EARTH SCIENCES AND HUMAN CONSTRUCTIONS
Print ISSN: 2944-9154, E-ISSN: 2944-9006 An Open Access International Journal of Earth Sciences and Human Constructions
Volume 5, 2025
Study on Some Neutronics Behavior of Low Enriched Uranium Salt Composition Proposed for a Molten Salt Reactor (MSR) Using the OpenMC Monte Carlo Method
Authors: , , ,
Abstract: The molten salt reactor (MSR) is a type of GEN-IV advanced reactor that uses melt combinations of heavy metal elements and molten salt as fuel and coolant.
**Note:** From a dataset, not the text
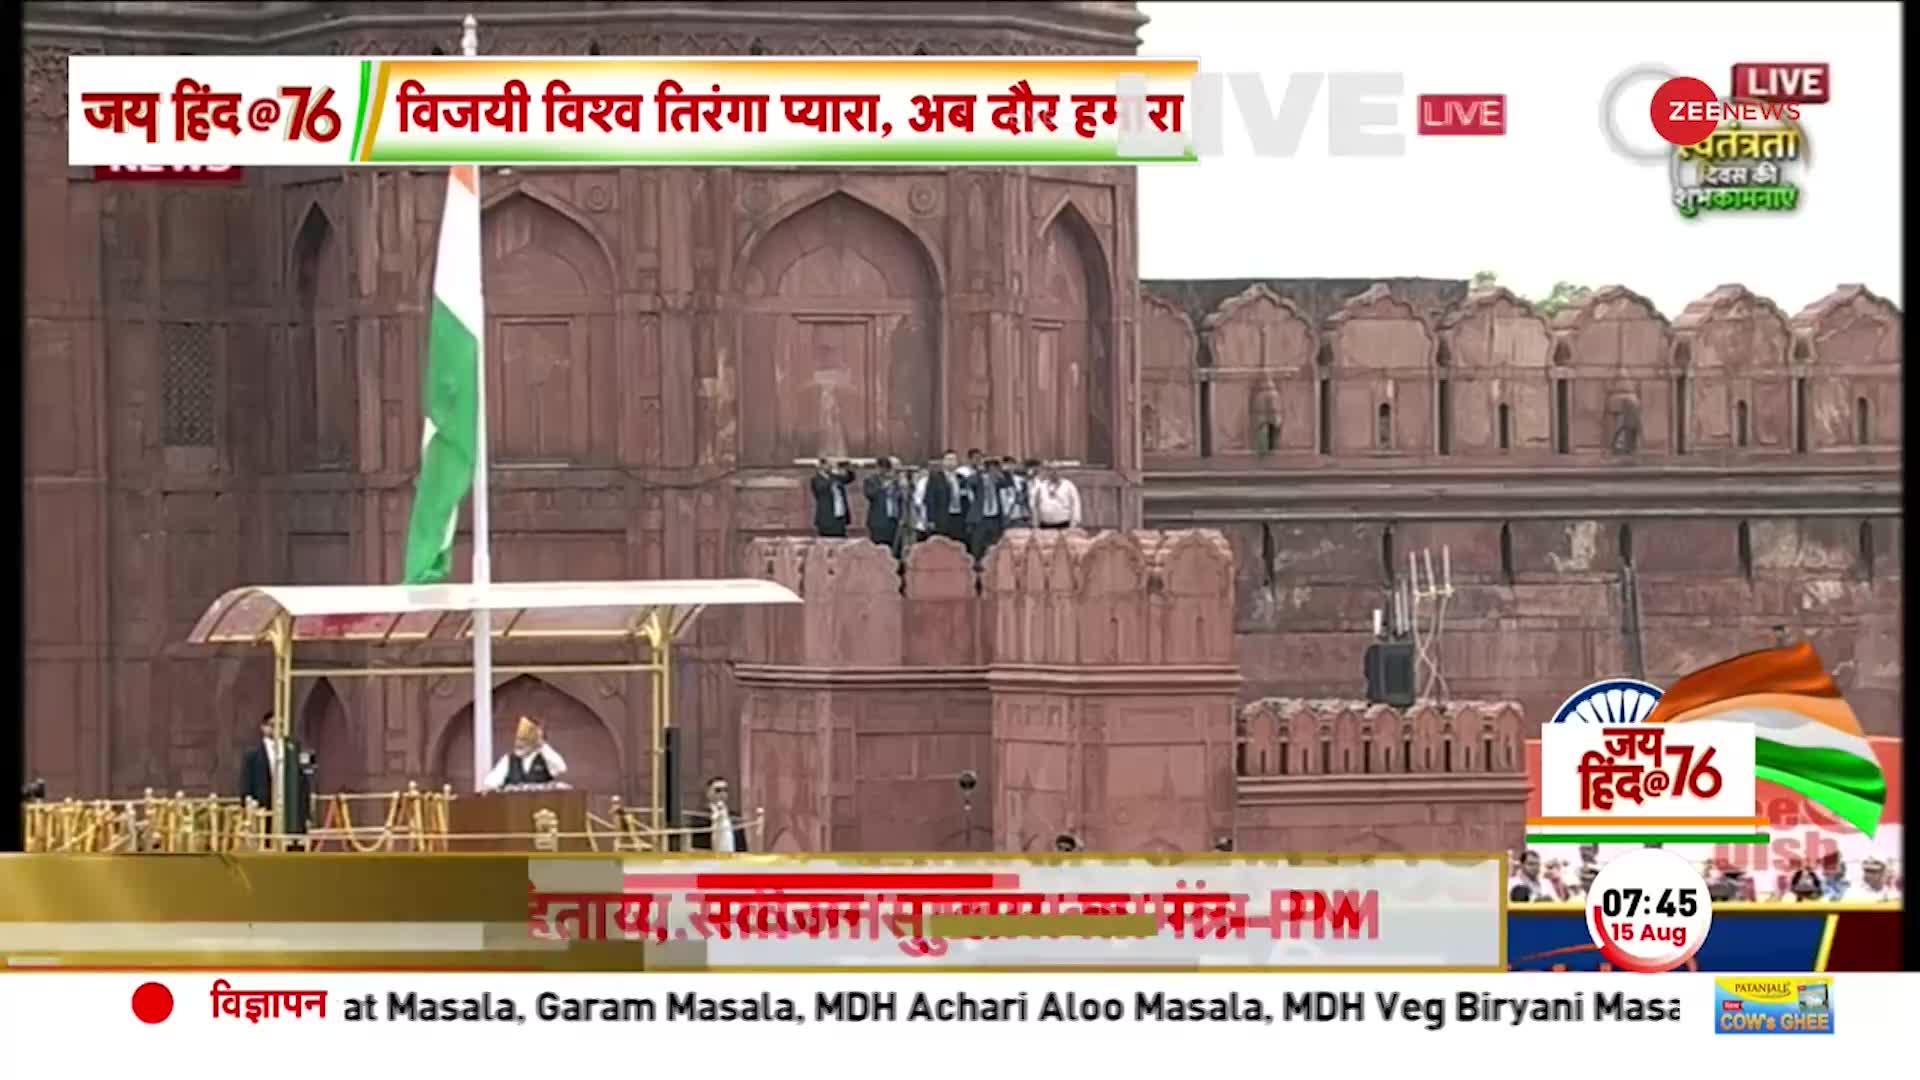 PM Modi LIVE: Independence Day पर देश के युवाओं को मोदी का संदेश, Digital India पर कही बड़ी बात!

Molten salt reactors (MSRs) are fourth-generation reactors that are built to be safe, have no risk of core meltdown, and can be fed and processed online. This study examines the neutronics properties of a conventional MSR using Monte-Carlo and OpenMC codes. MSR cores with varying low-enriched 235U coolant salt compositions were tested to determine the optimal fuel salt composition. To assess non-proliferation, neutronics and safety were tested on low-enriched uranium fuel with different coolant salt compositions for MSR. OpenMC was used to create and simulate eight reactor cores with various fuel compositions. These computations were completed in 35 cycles, with 3000 particles per cycle, while 5 cycles were skipped to avoid statistical errors. For fission rates, temperature reactivity feedback, conversion ratio, and neutron spectra calculations, statistical errors were reduced to 1.9% and 63 pcm for keff values, respectively. All computations are performed using the nuclear data libraries JEFF3.3 and END/B VIII.0. The burnup of fissionable materials and neutron toxicity were investigated. The fission rates of U-235, Pu-239, Xe-135 and Pu-241 were investigated in relation to burnup. The neutronic evaluation of standard fuel salt composition for the ORNL molten salt reactor was performed using OpenMC during normal operation and compared to the experimental value in terms of effective multiplication factor for validation (keff), which was 0.06%. MSRs are passively safe because of the negative temperature reactivity coefficient of fuel salt. Because of their increased atom density, conversion ratio, and FoM, cooling salts like 73%LiF-27%UF4 may be suitable carrier salts. This study outlines the problems, challenges, and development trends for MSR multi-physics models in order to guide future research. This work serves as a reference for molten salt reactor core design using an ideal fuel salt composition of 73% LiF-27%UF4.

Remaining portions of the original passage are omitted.